Assignment - Please give every line below again exactly, but not its pictures.

Data -

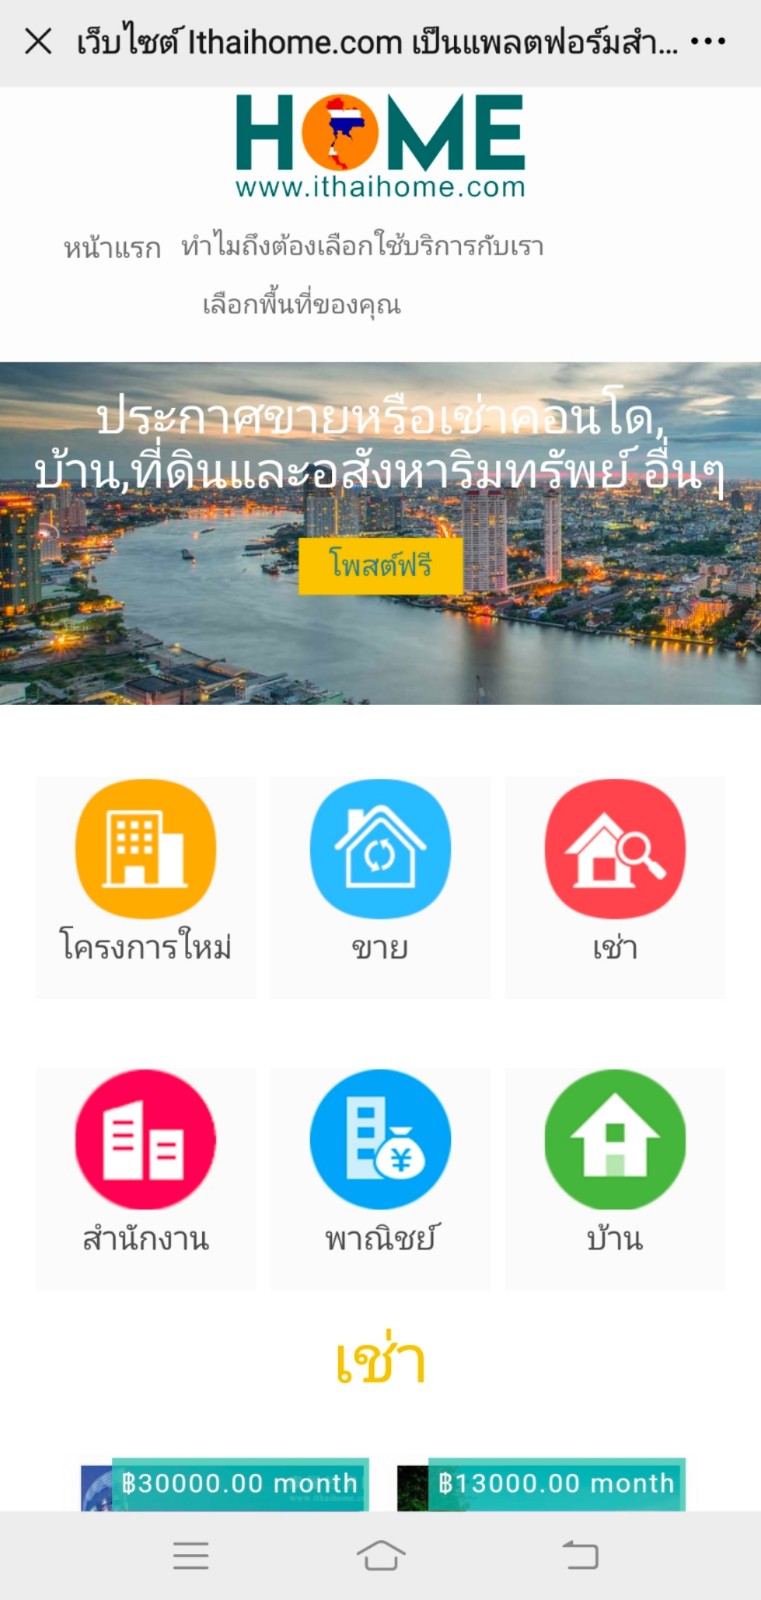 泰国好房网上线英、泰文版；更深入泰国本地化和国际化房产业务！
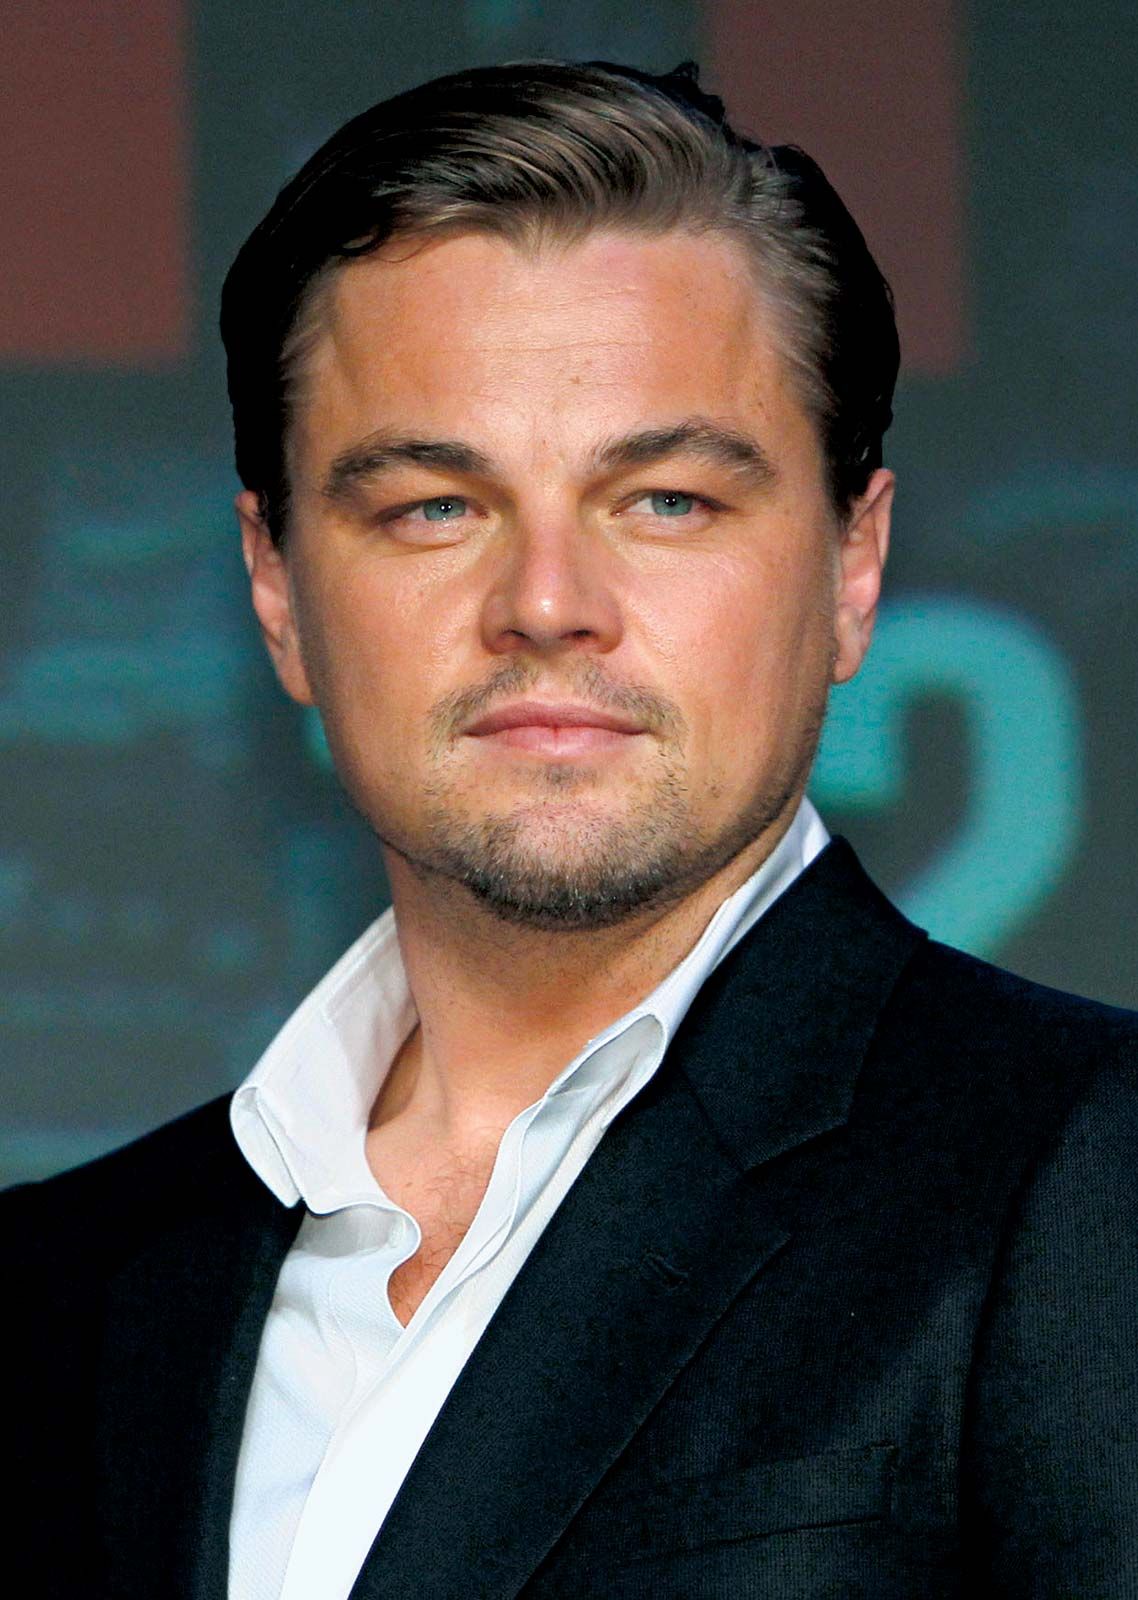 Leonardo-DiCaprio-2010.jpg
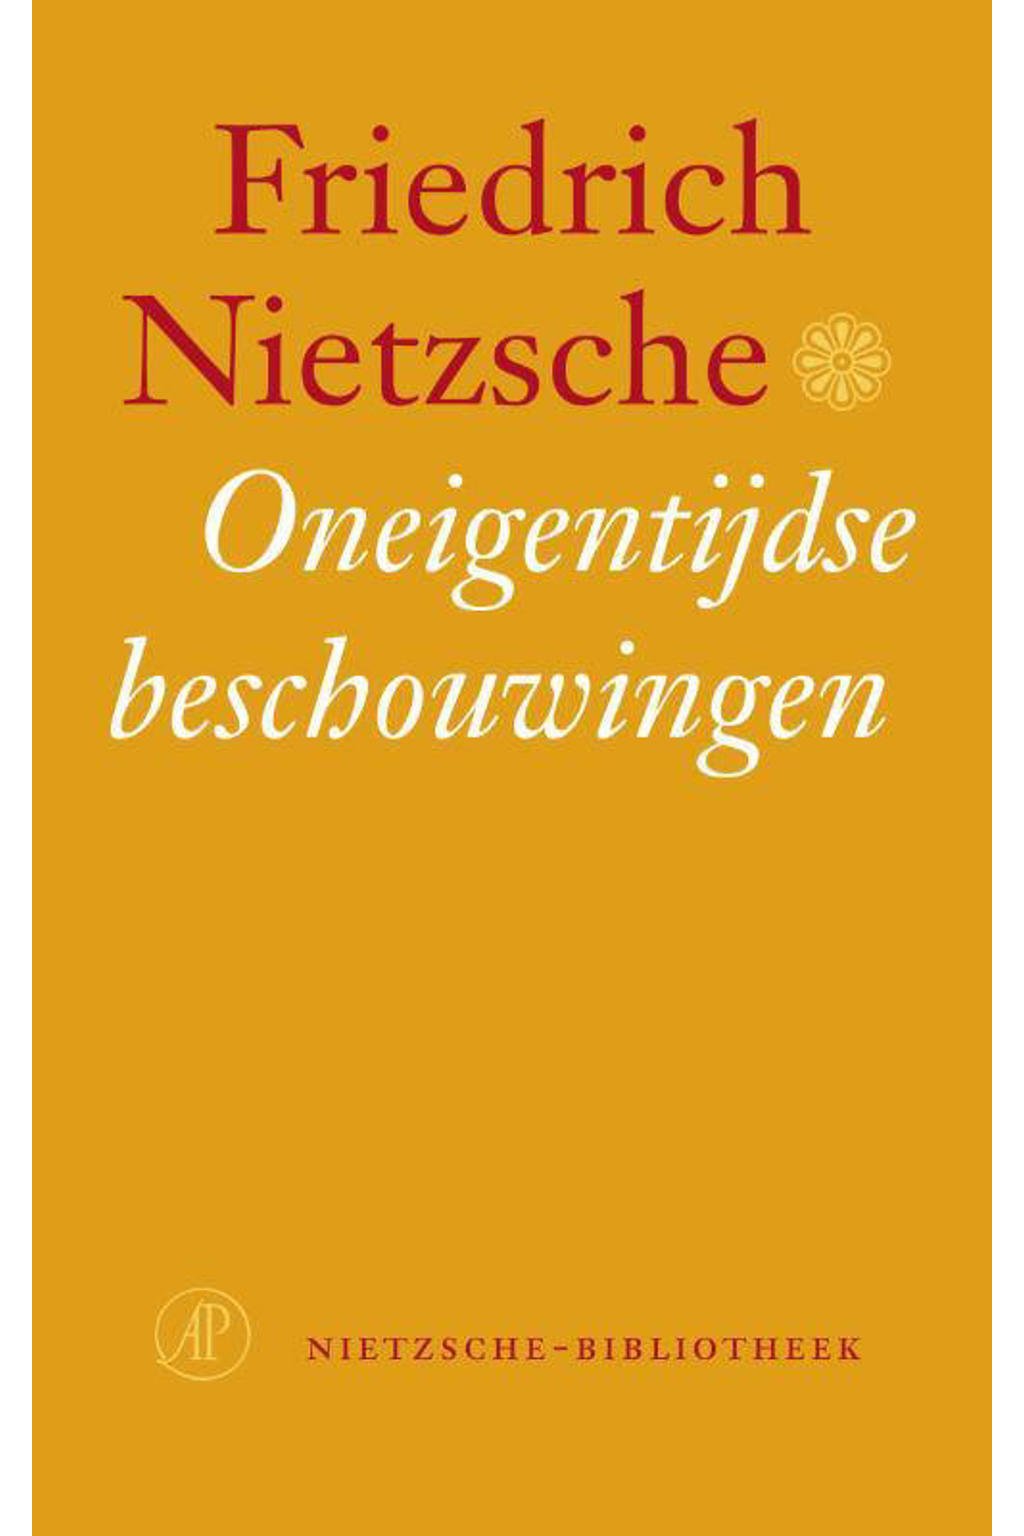 Nietzsche-bibliotheek: Oneigentijdse beschouwingen - Friedrich Nietzsche
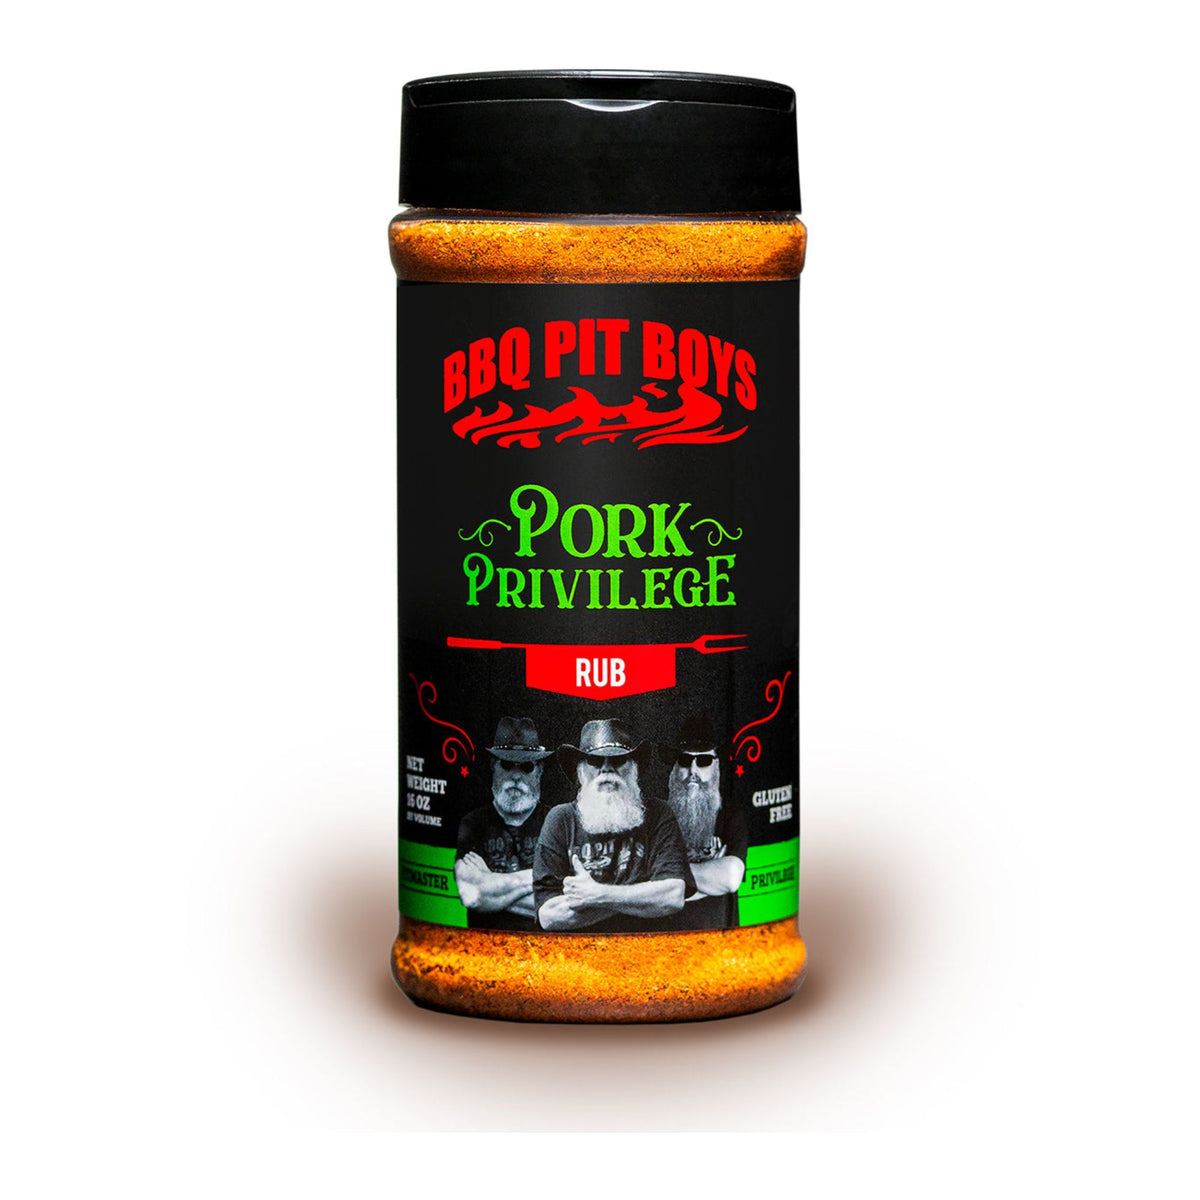 BBQ PIT BOYS | PORK PRIVILEGE - Adatto a qualsiasi taglio di maiale!

Completed task -
 泰国好房网上线英、泰文版；更深入泰国本地化和国际化房产业务！
 Leonardo-DiCaprio-2010.jpg
 Nietzsche-bibliotheek: Oneigentijdse beschouwingen - Friedrich Nietzsche
 BBQ PIT BOYS | PORK PRIVILEGE - Adatto a qualsiasi taglio di maiale!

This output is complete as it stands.